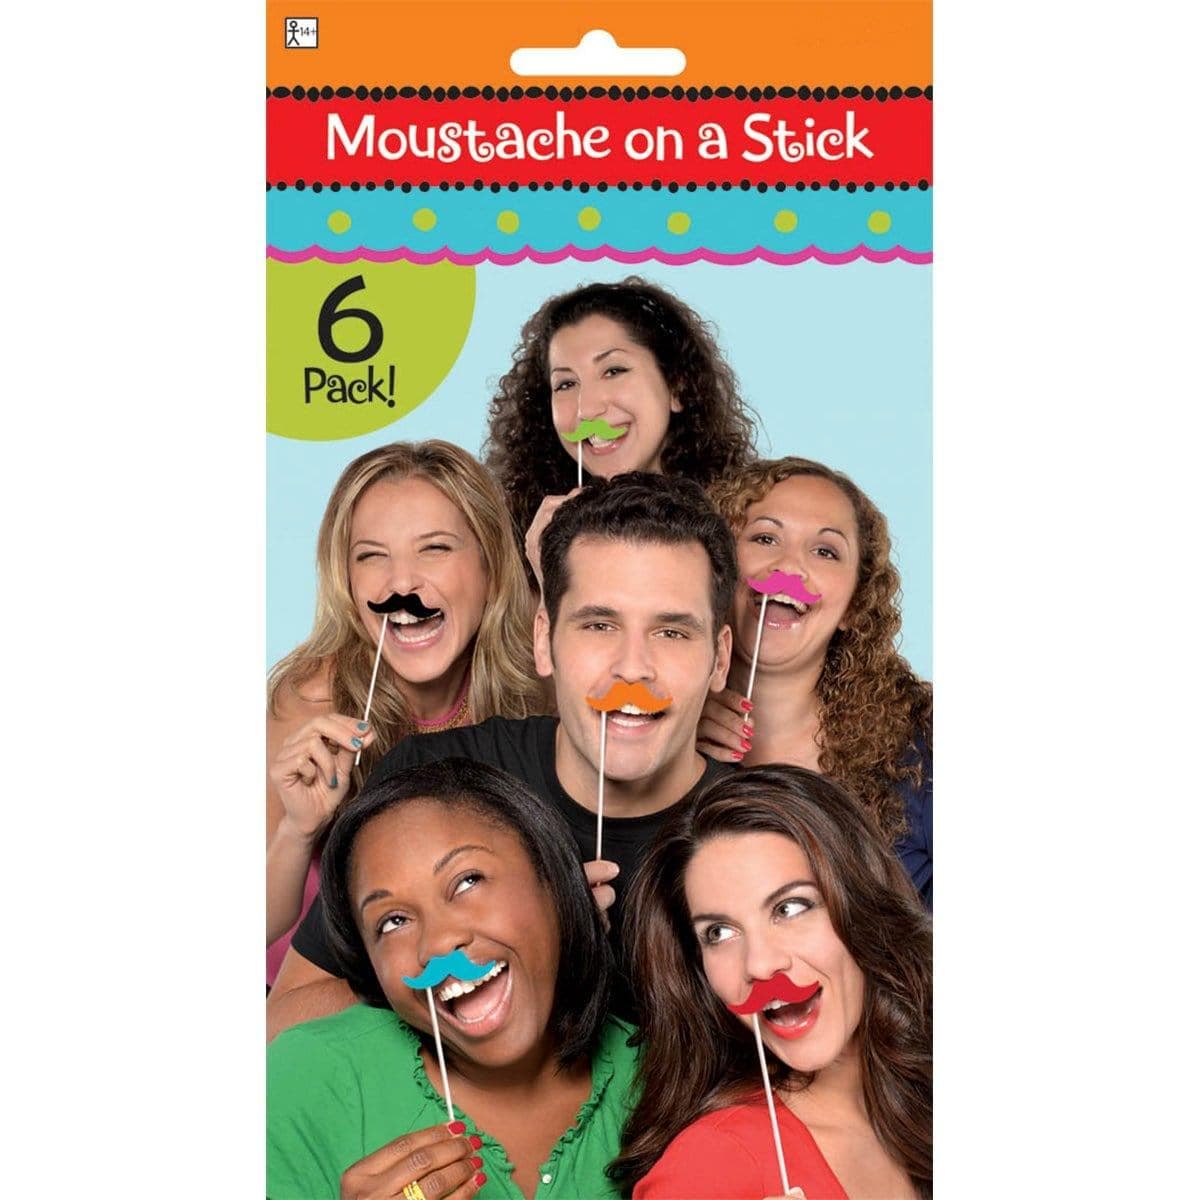 Buy Theme Party Mustache Photo Booth Props, 6 per Package sold at Party Expert
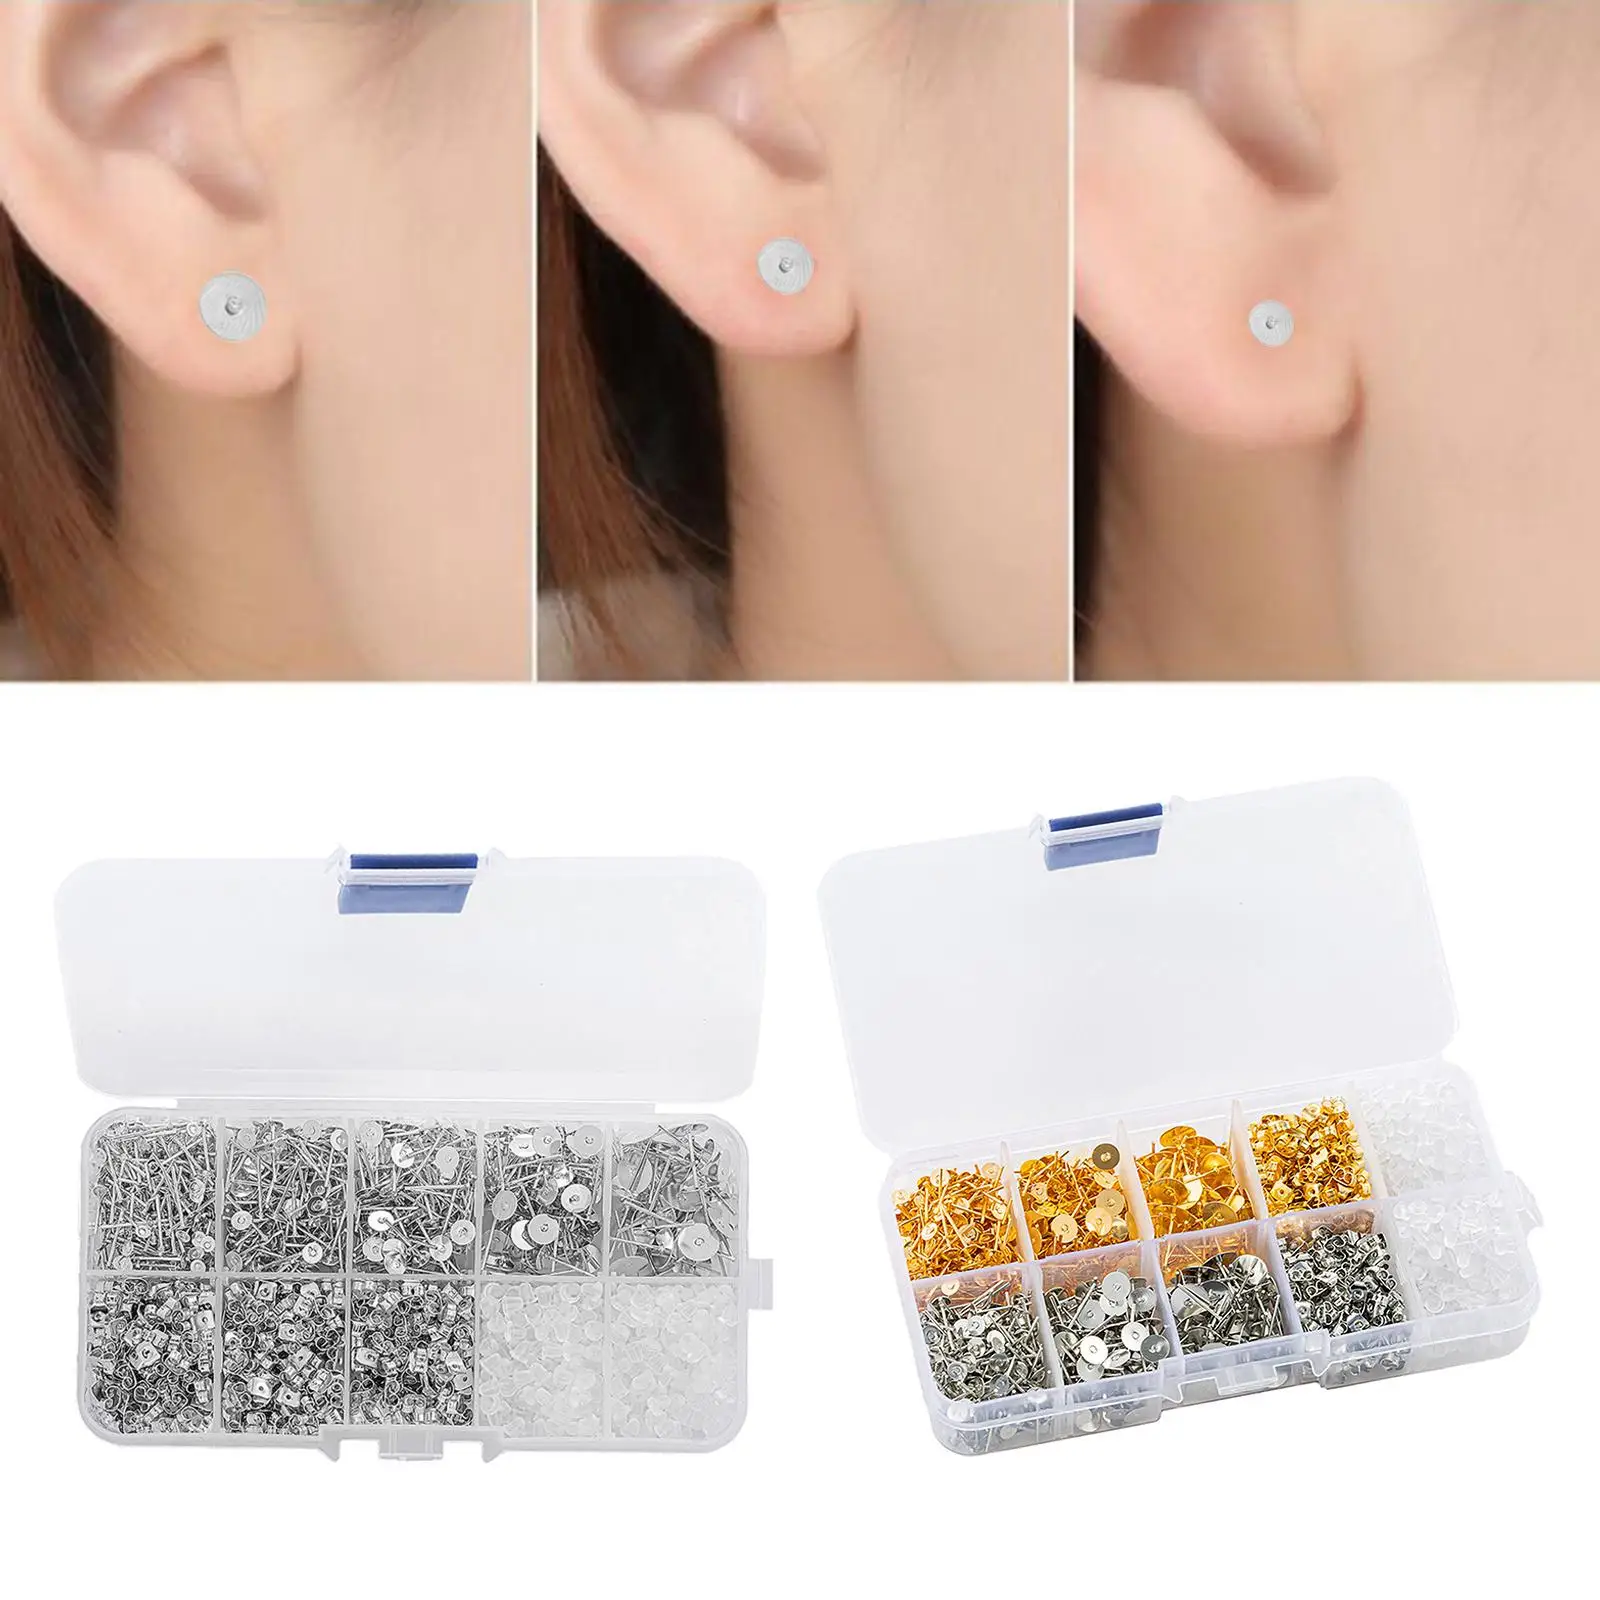  Earrings Flat-Bottomed  Kit for Jewelry Making DIY Crafting
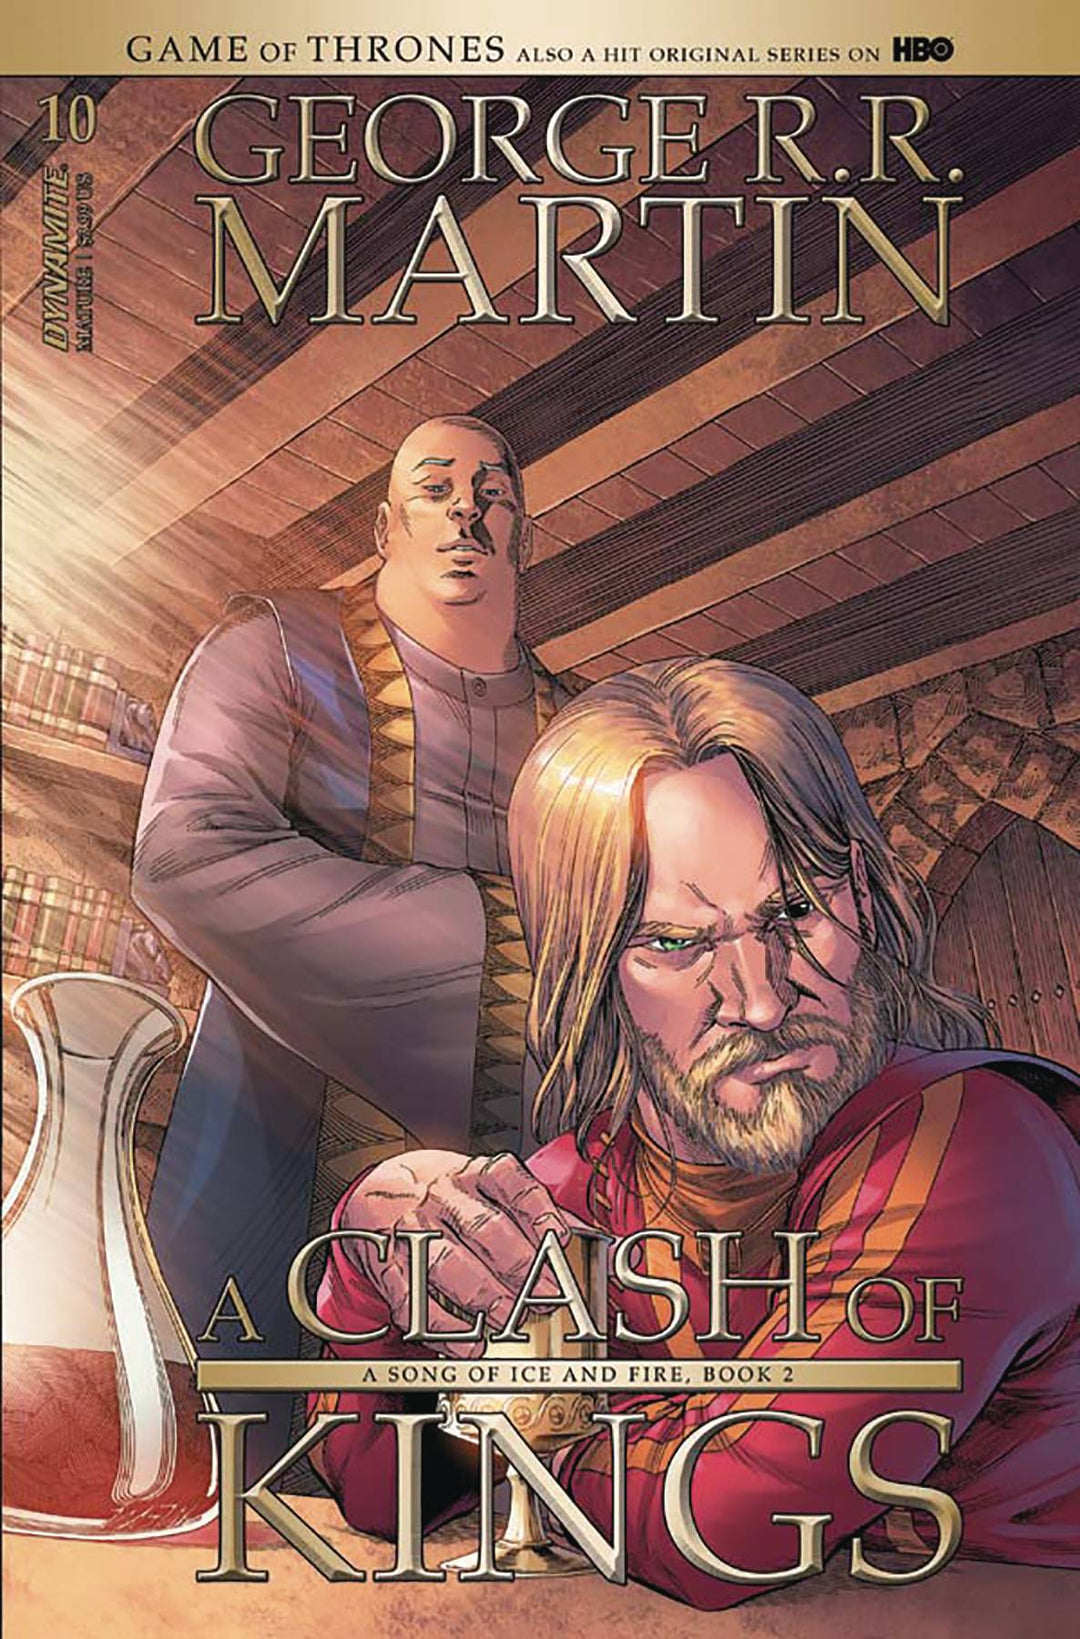 A Clash of Kings: Graphic Novel, Volume One by George R.R. Martin

> **What is expected**
Wherever a picture appears in the material above, skip it and copy the rest without change.

> **Completed exercise**
 Buy Theme Party Mustache Photo Booth Props, 6 per Package sold at Party Expert
  Earrings Flat-Bottomed  Kit for Jewelry Making DIY Crafting
 A Clash of Kings: Graphic Novel, Volume One by George R.R. Martin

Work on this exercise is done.